• What you need to do: Could you print the stretch of lines below from the one with "Glycerin 19 Road" through the one with "Hand mit einem", exactly as they stand and without any pictures?
──────── Material provided
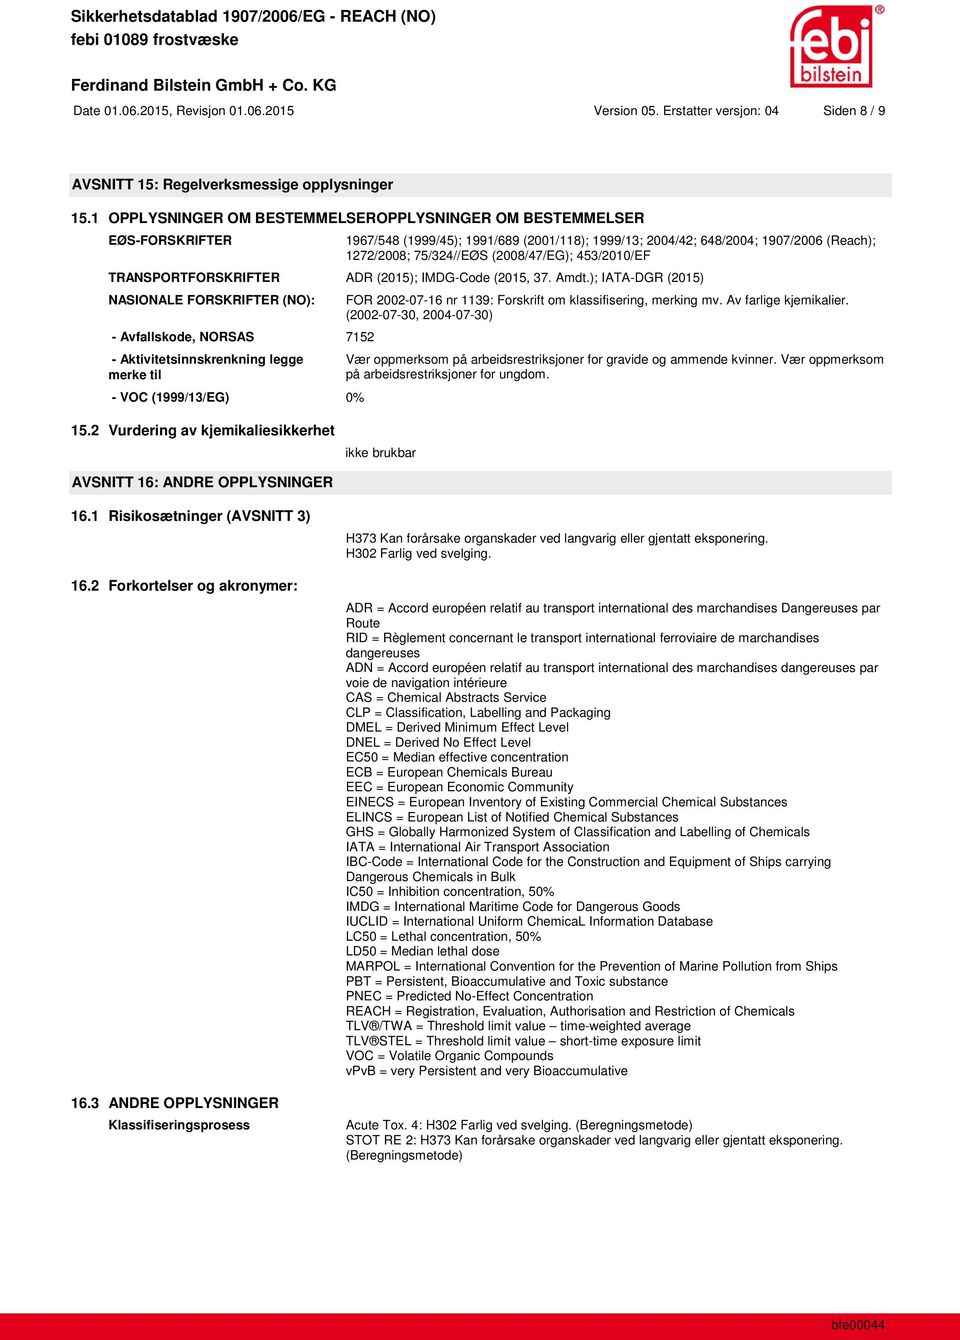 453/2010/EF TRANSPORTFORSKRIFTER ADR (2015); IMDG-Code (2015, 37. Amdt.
────────────────
──────── Material provided
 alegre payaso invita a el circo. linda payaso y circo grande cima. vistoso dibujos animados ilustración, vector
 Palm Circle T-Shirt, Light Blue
────────────────
──────── Material provided
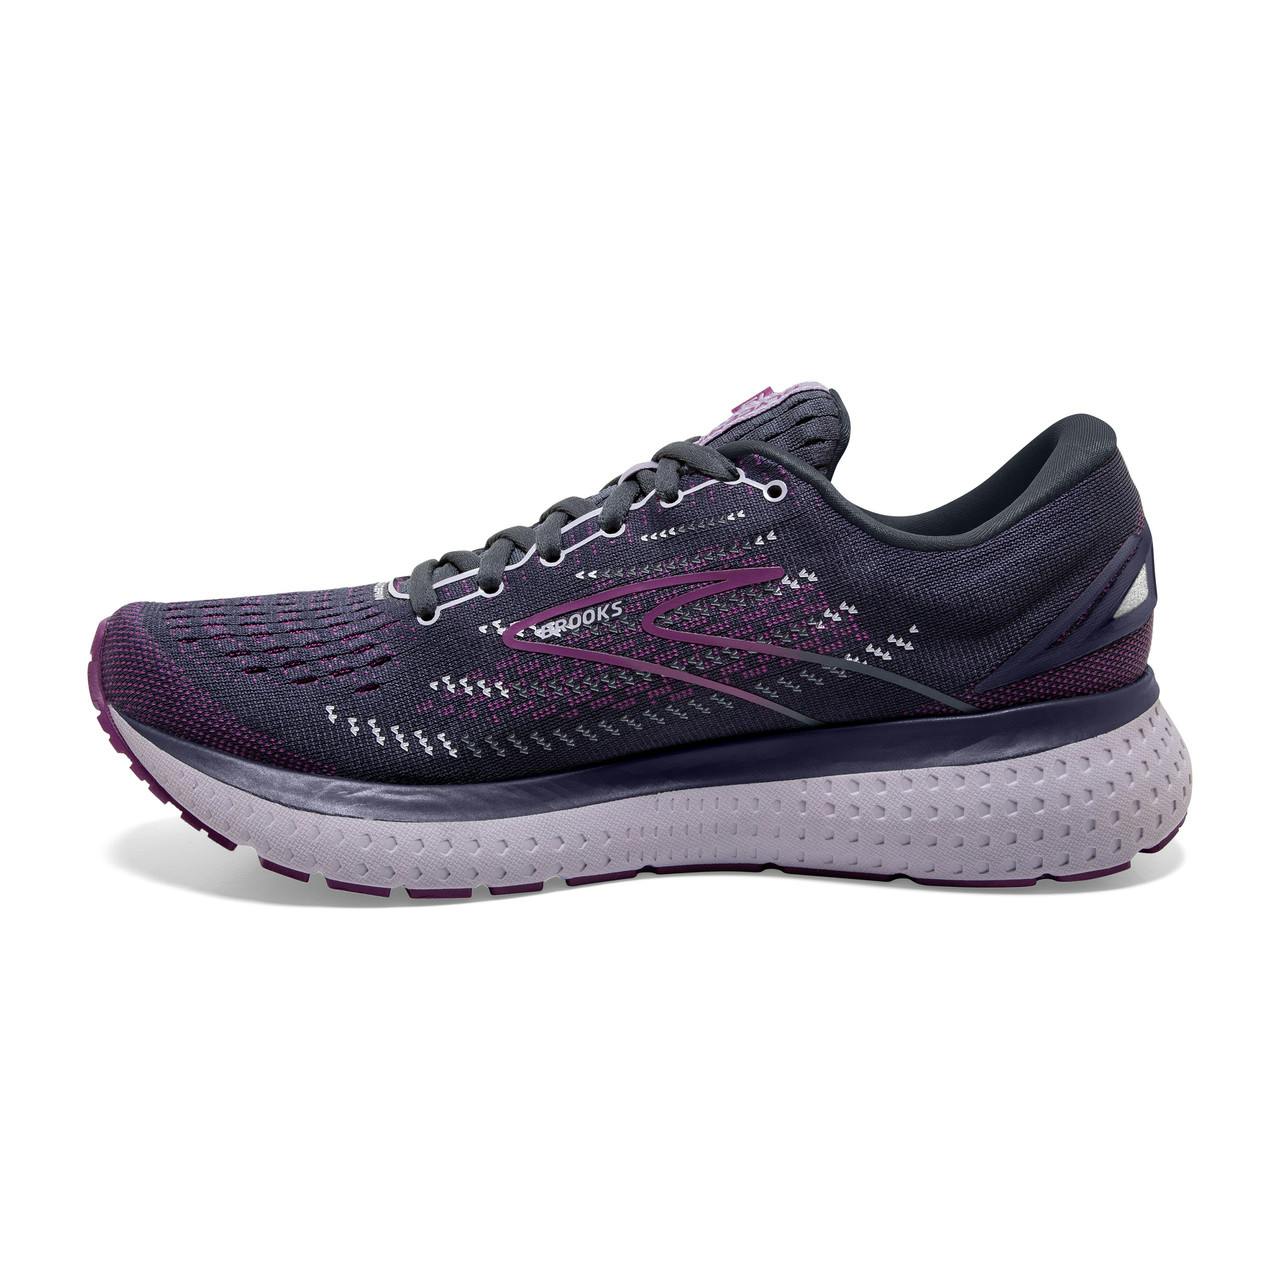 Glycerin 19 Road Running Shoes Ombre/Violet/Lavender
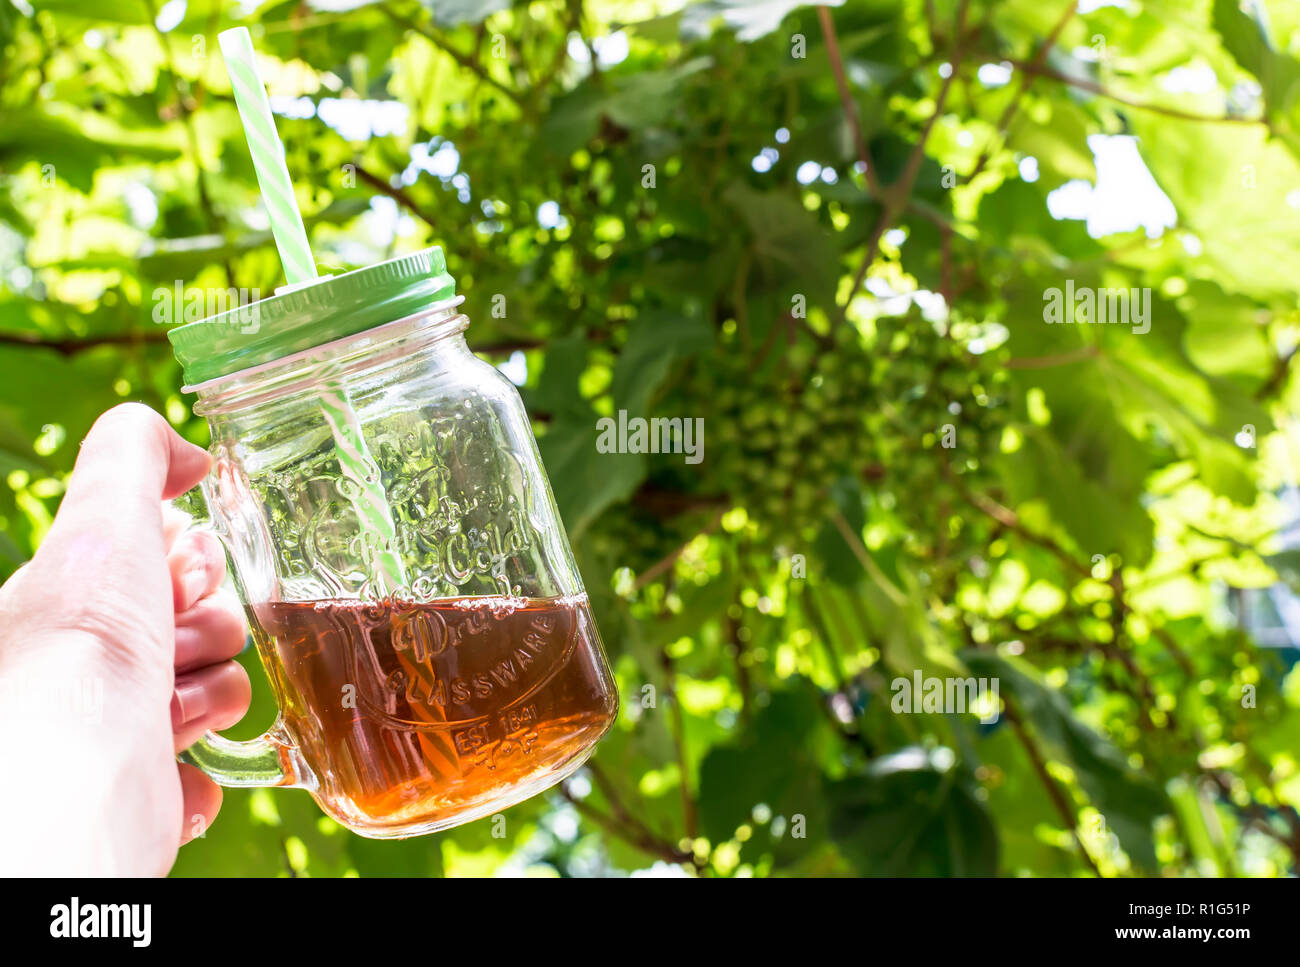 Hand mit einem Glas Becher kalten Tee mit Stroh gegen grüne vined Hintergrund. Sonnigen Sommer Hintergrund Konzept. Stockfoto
────────────────
• Answer box:
 Glycerin 19 Road Running Shoes Ombre/Violet/Lavender
 Hand mit einem Glas Becher kalten Tee mit Stroh gegen grüne vined Hintergrund. Sonnigen Sommer Hintergrund Konzept. Stockfoto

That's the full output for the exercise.